Before you start, I thought I'd write a little list of helpful tips to get you doing things properly.
Most of these points probably relate to any kind of industry, such as beauty or fashion, but because I'm about as fashionable as a tie-dye T shirt and a pair of crocs, I'll be referring to food blogging.
There are two types of posts:
1. Review of something (a restaurant/sandwich/burger)
2. Your own recipes.
Stick with no 1. No-one gives a fuck about your recipes.
2. Freebies.The first and most important thing about being a food blogger is GETTING FREE SHIT. The way you get free shit? SAY NICE THINGS ABOUT STUFF. The more nice things you say, the more free stuff you will get.
2. Where do you start?
Start by going to restaurants, cafes, bars etc. Yes, unfortunately you will have to pay for a few meals to begin with. Don't worry, this won't last long. Next day, blog about how brilliant it was. Send a link to the restaurant, chances are they'll thank you with a free meal. Never be nasty about anywhere, except for easy targets. (see below)
3. Easy targets.
The only places you are allowed to be negative about fall into three categories:
1. Crappy chains you wouldn't seen dead in such as Aberdeen steakhouse, Yo! Sushi etc. (you can ironically blog about them though, which will raise a wry chuckle and a wink with other food bloggers).

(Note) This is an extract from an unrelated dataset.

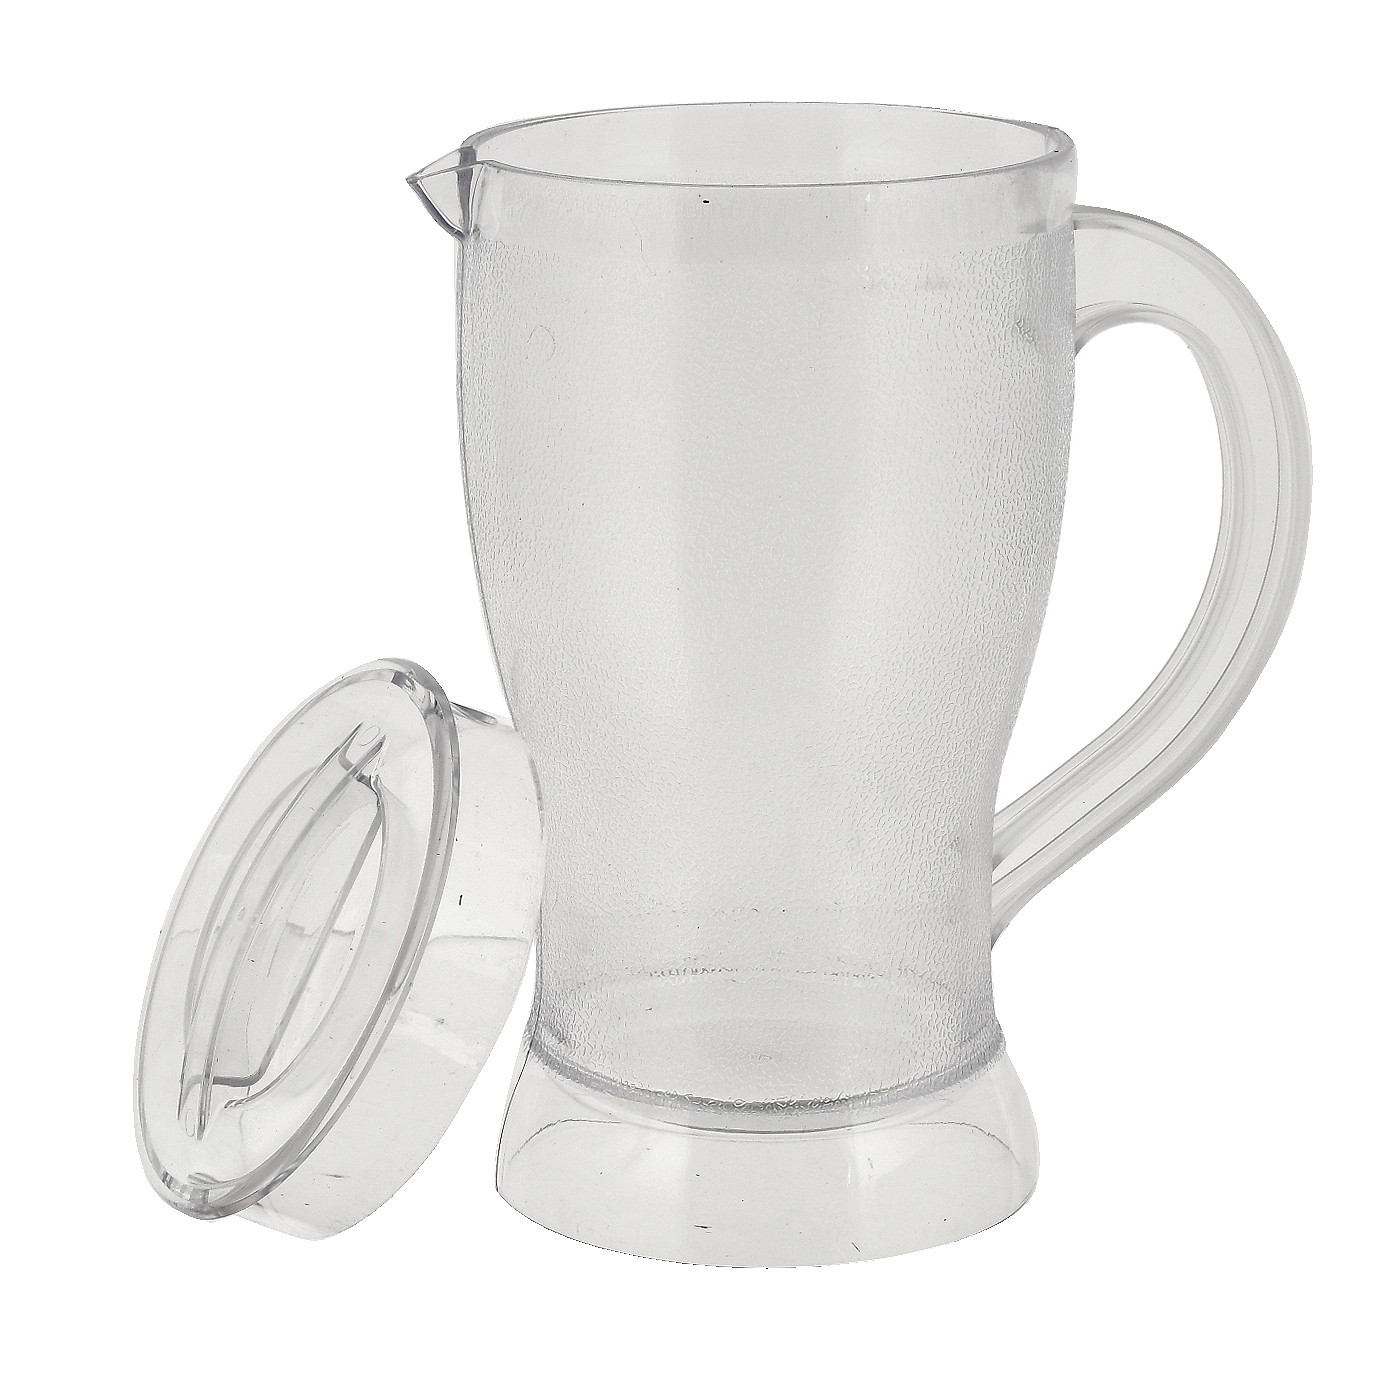 Kuber Industries Unbreakable Plastic Tableware Serving Lemon Set, Water jug with 6 Water Glass,(Set of 7 Pcs)

2. Celebrity chefs' places that are so big and famous they don't give a flying fuck about food bloggers. Jamie Oliver, Ramsay, Wallace etc.
3. Places that bigger food bloggers have already been nasty about.
4. Go to events. As a food blogger, you will be invited to many events. Openings, launches, pop-ups, street food festivals etc (I'm literally going through hundreds of emails for tonight alone). It is customary to tweet about your TERRIBLE hangover from said event last night so people know exactly where you were, and which brand of just-launched vodka you drank, with in-jokes aplenty from the night before.
5. Distance martyrdom. As highlighted by MBFBY once before, here, if it's not in Central London, point out how much of a trek you went on to get to aforementioned restaurant you're blogging about. You want to get across how dedicated to food you are and how nestled you are in the cool places to be.
You don't have to write much. Nobody reads it anyway. One thing that's become quite popular is minimal text (what the dish is called) and a many of pictures. Oh, and multiple pictures of yourself = winner. Who DOESN'T want to see your smug face on a blog about food?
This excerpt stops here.